When Ellen felt the blow against the back of her skull, she thought at first that Spurs had coshed her. She was vaguely aware, as she slumped forward under the impact, that whatever had hit her smelt bizarrely of oranges, before also realising that she wasn’t falling over as expected.
Woozily, she sagged in mid-air, head throbbing, held up by Spurs’ tight grip on her shoulders, wondering how he was planning to finish her off. That’s when it occurred to her that he couldn’t have hit her at all – both of his hands were stapled to her shoulders. They had been all along.

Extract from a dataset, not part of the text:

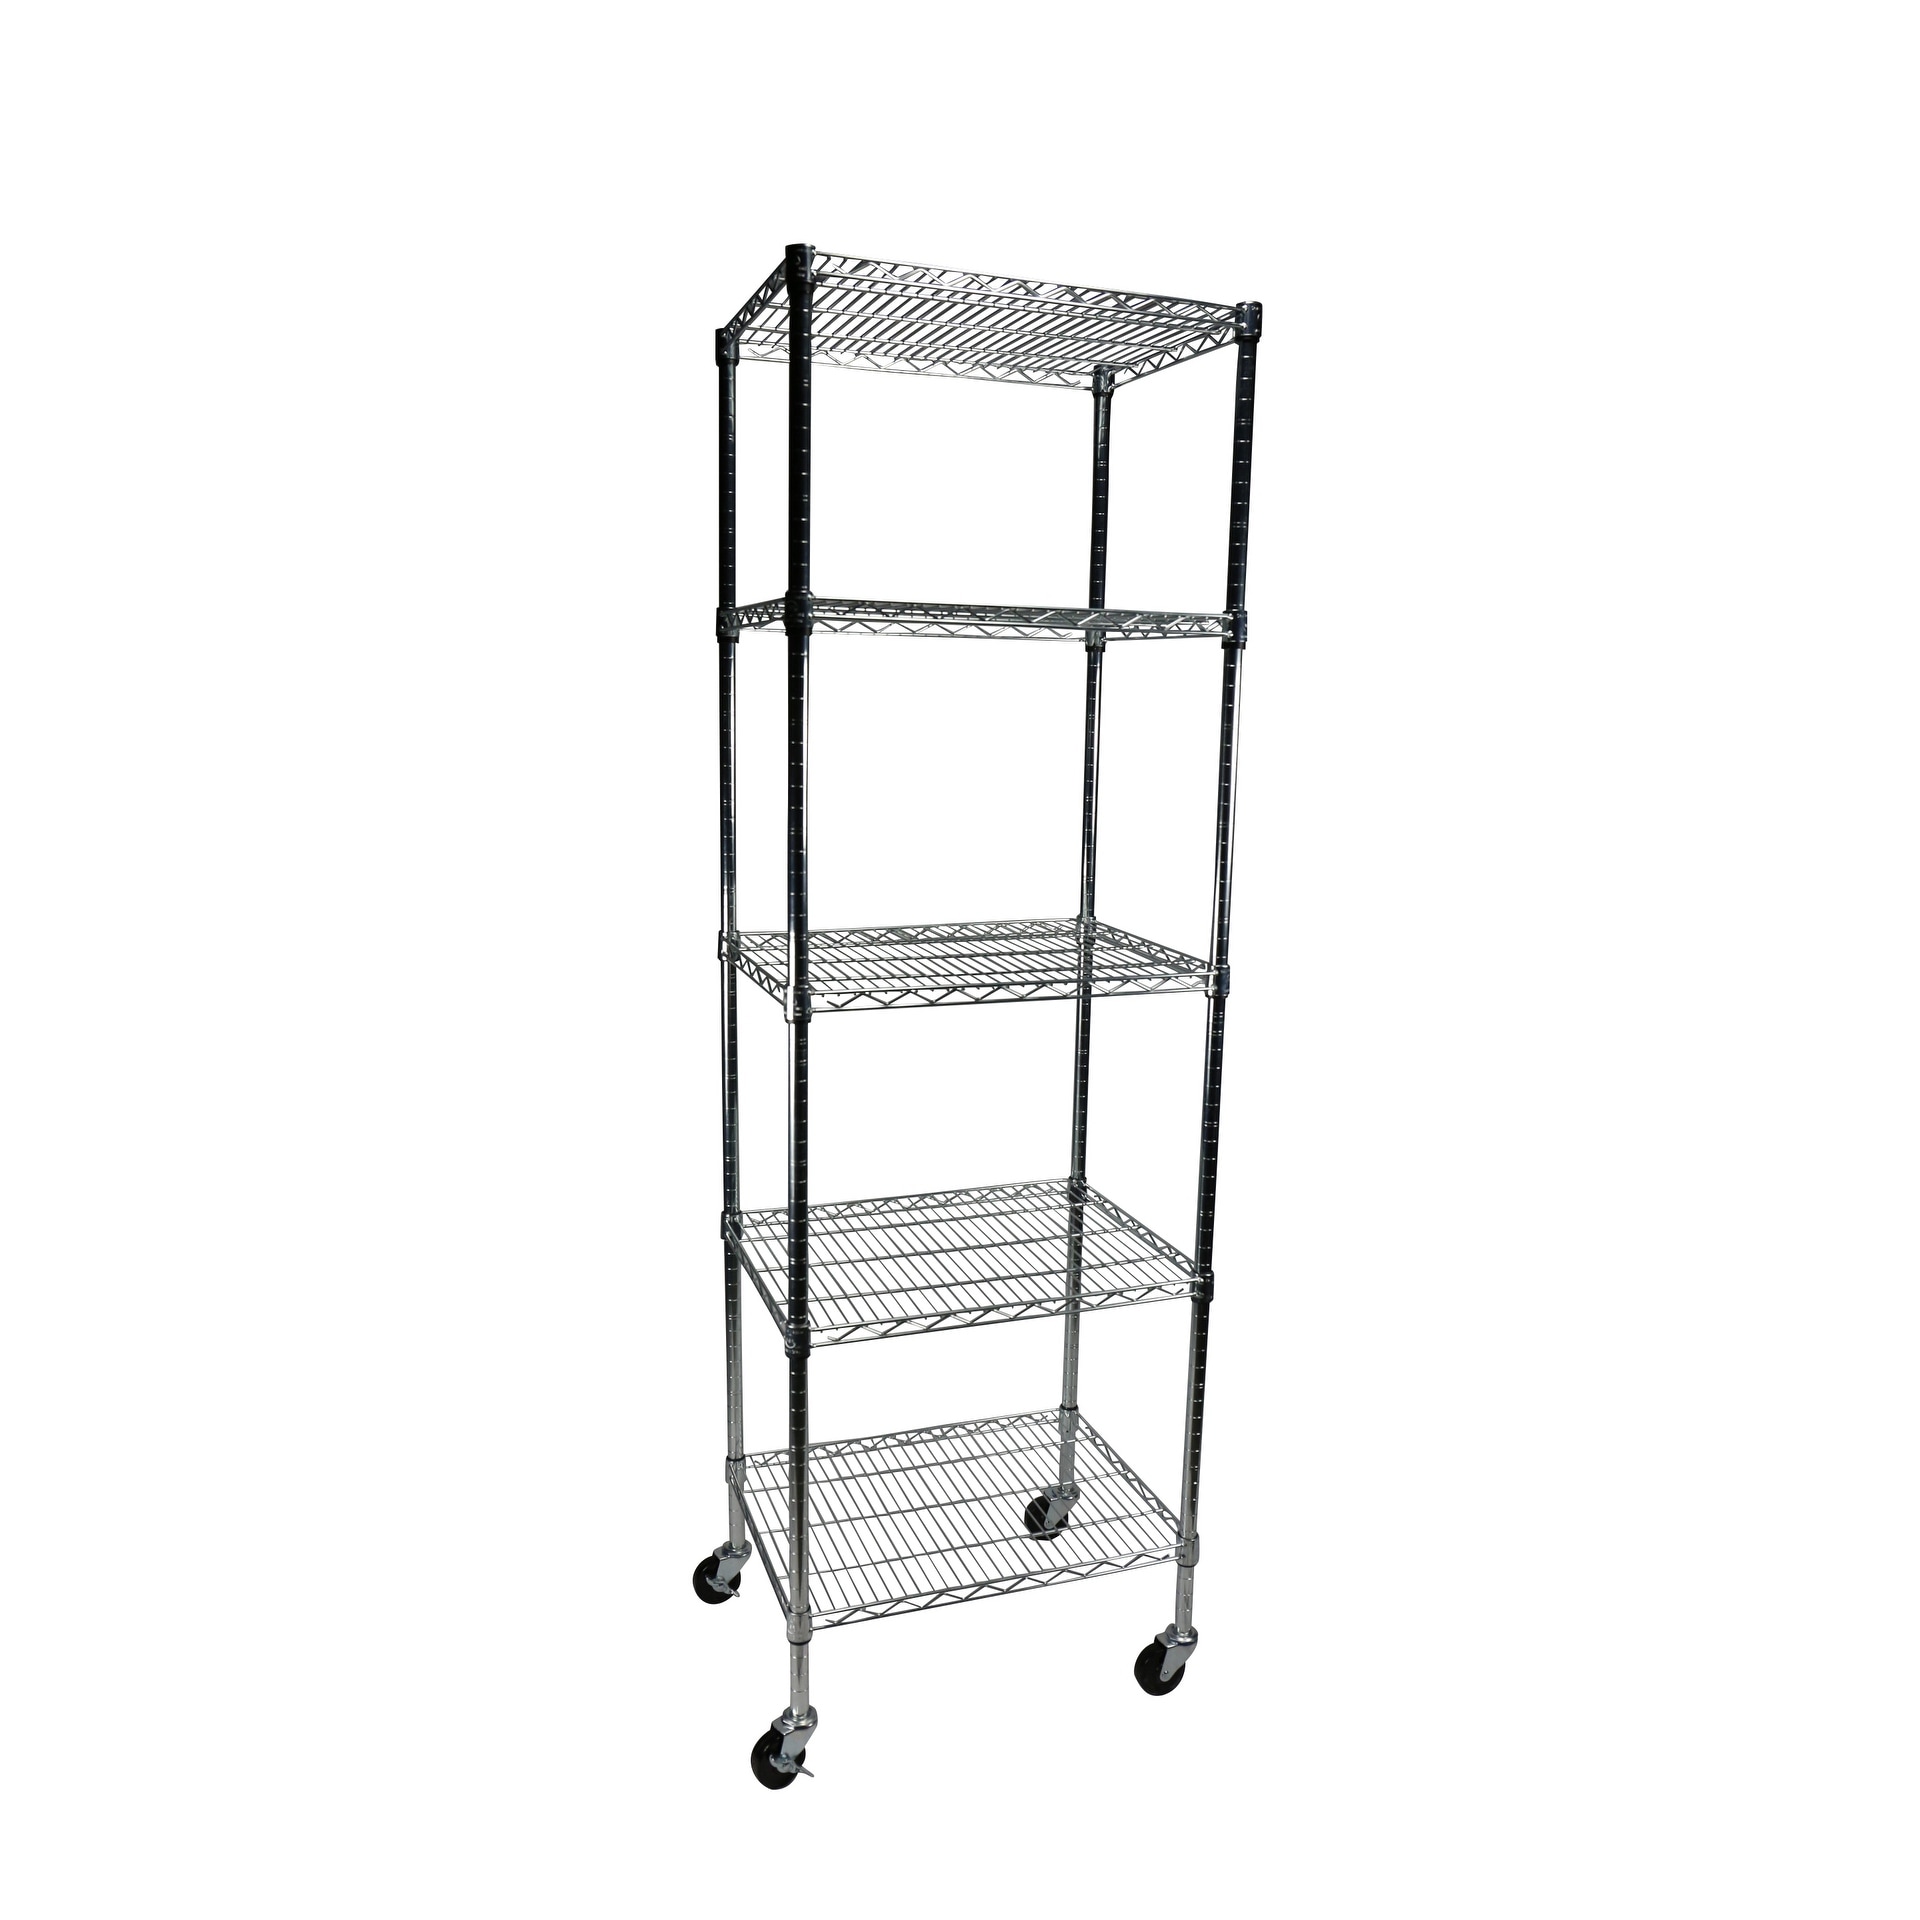 https://ak1.ostkcdn.com/images/products/is/images/direct/30df28945ae6eae2370f1d647288f283e804ef23/Apollo-Hardware-Commercial-Chrome-5-Wire-Shelf-18%22x24%22x72%22-with-Caster.jpg

Pressing her face into the crook of his neck and moaning because it smelt like home, she passed out.
When she opened her eyes again, she was lying on a very wet bench on her own in the manor garden. She groaned and felt around her pounding head, exploring carefully for open wounds and splintered skull but, apart from a disappointingly small bump, there was no evidence that she had been crowned by an evil manor burglar streaking away after looting Hell’s Bells’ remaining silver.
Moments later, Spurs appeared from behind the yew-tree curtain.
‘They’ve scarpered.’ He was clutching a Hooch bottle, catching his breath from running. ‘Thank God you’re all right.’ He crouched down beside her, taking her hand. ‘Does your head ache? Is your vision okay?’
‘Did you go for a takeout?’ she asked blearily, as she tried to focus on his bottle. ‘Nice of you to hang around and make sure I was still alive.’
He watched her face with concern. ‘Are you feeling groggy? I’ll drive you to Cheltenham General – ambulances take hours round here.’
He was rubbing her hand now, his fingers against her knuckles, sliding up to her wrist and stroking his thumb against the soft skin beneath it. Ellen watched for a moment, mesmerised by his sudden gentleness.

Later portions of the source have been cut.